She nodded. "Yeah. Get married too. This time yesterday, all of that was still going to happen and now it's not anymore."
"I know." BJ leaned forward, resting his elbows on his knees. "But at least he had someone there. So many just perish out there, but Mike, he had someone with him. You made sure he could hold on to those things, the farm and the wife were still real for him when he passed away. "
She felt the pinpricks of tears behind her eyes and shook her head.
"It doesn't change anything, though, does it?"
"It does, Margaret, it did change something for him. I saw you smile at him long after his eyes closed for the last time, and if that's not a proper send-off, I don't know what is. He got a couple of extra hours to spend with someone who wanted nothing but the best for him, that is so much more than most will ever get."
Margaret looked at BJ and felt her eyes flood over. She nodded. Maybe it was something, maybe it had made a tiny bit of difference. For her friend Mike. She knew he had made a difference for her.
"Get some rest. For real, this must be your third shift straight."
She sniffled and wiped her eyes. Yes, it was time to go. The mascara she had put on yesterday, or was it the day before that, was crumbling in her eyes, and it stung. She felt grimy all over.
"I will," she said and stood up. BJ did too.
"Good. Good night, Margaret. Or good morning, whatever you choose."
"Who even knows anymore?"
"I know I don't."
He smiled and gave her a nod before walking away.
Margaret moved her chair out of the way to make it easier for the corpsmen. Before she left, she gently touched Mike's chest again.
"Thank you," she whispered, "for letting me spend some time with you. Safe travels."
The pale light of dawn made the compound look surreal. She bent her head back and looked up at the sky, she so rarely even did that anymore, not in the light. She wanted to see stars, wanted one of them to burn bright, sending one last message to those left behind. But she didn't see any stars, they had faded away.

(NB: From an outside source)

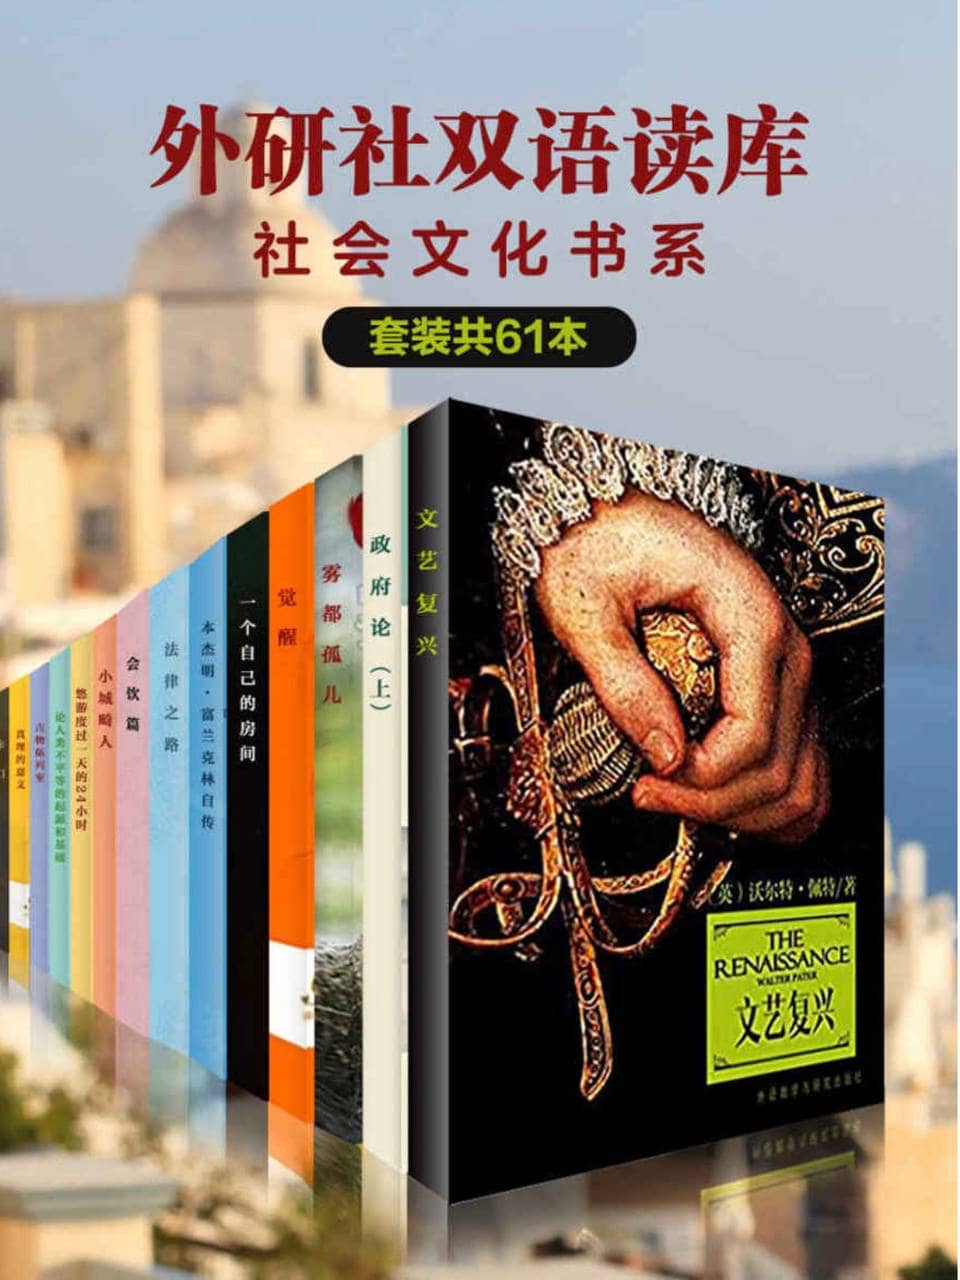 《外研社双语读库·社会文化书系》（套装共61本） [EPUB &amp; MOBI &amp; AZW3 电子书]
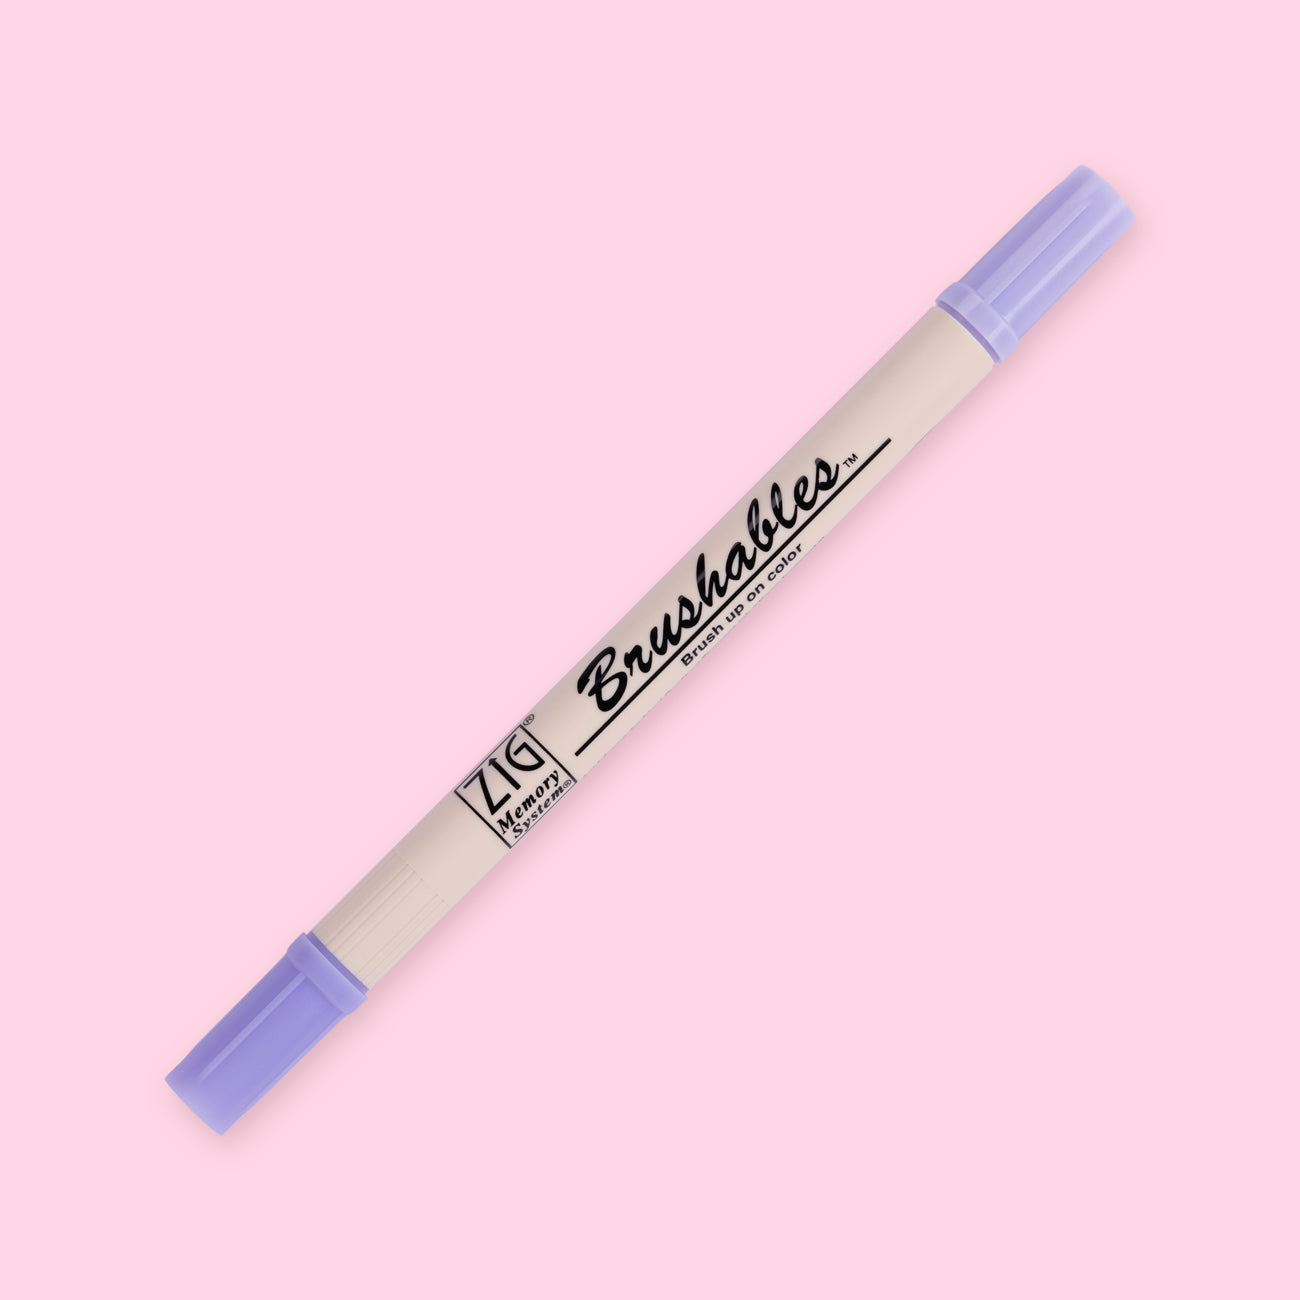 Kuretake Zig Brushables Brush Pen - 4 Colors Purple Set

She saw a pillar of smoke billowing up from the burning pile of garbage. It wasn't dignified, it wasn't pristine. It covered everything in a haze, it gave the lamps a soft shimmer. It was hard to tell what time of day it was, dawn or dusk. Time was a thief, robbing you of night and day, of a sense of reality. One night in Korea equaled a lifetime. It robbed you of the life you were supposed to have lived, if things had been different.
But if time was a thief, maybe it could also give back, somehow. Maybe somewhere, in a small corner of existence, Mike was eight years old, sitting in his grandmother's kitchen, waiting for the molasses cookies to bake. The sweet smell filling his head, not burning garbage. Somewhere, he was kissing his girl at the State Fair, his ears filled with laughter and happy shrieks from the roller coaster.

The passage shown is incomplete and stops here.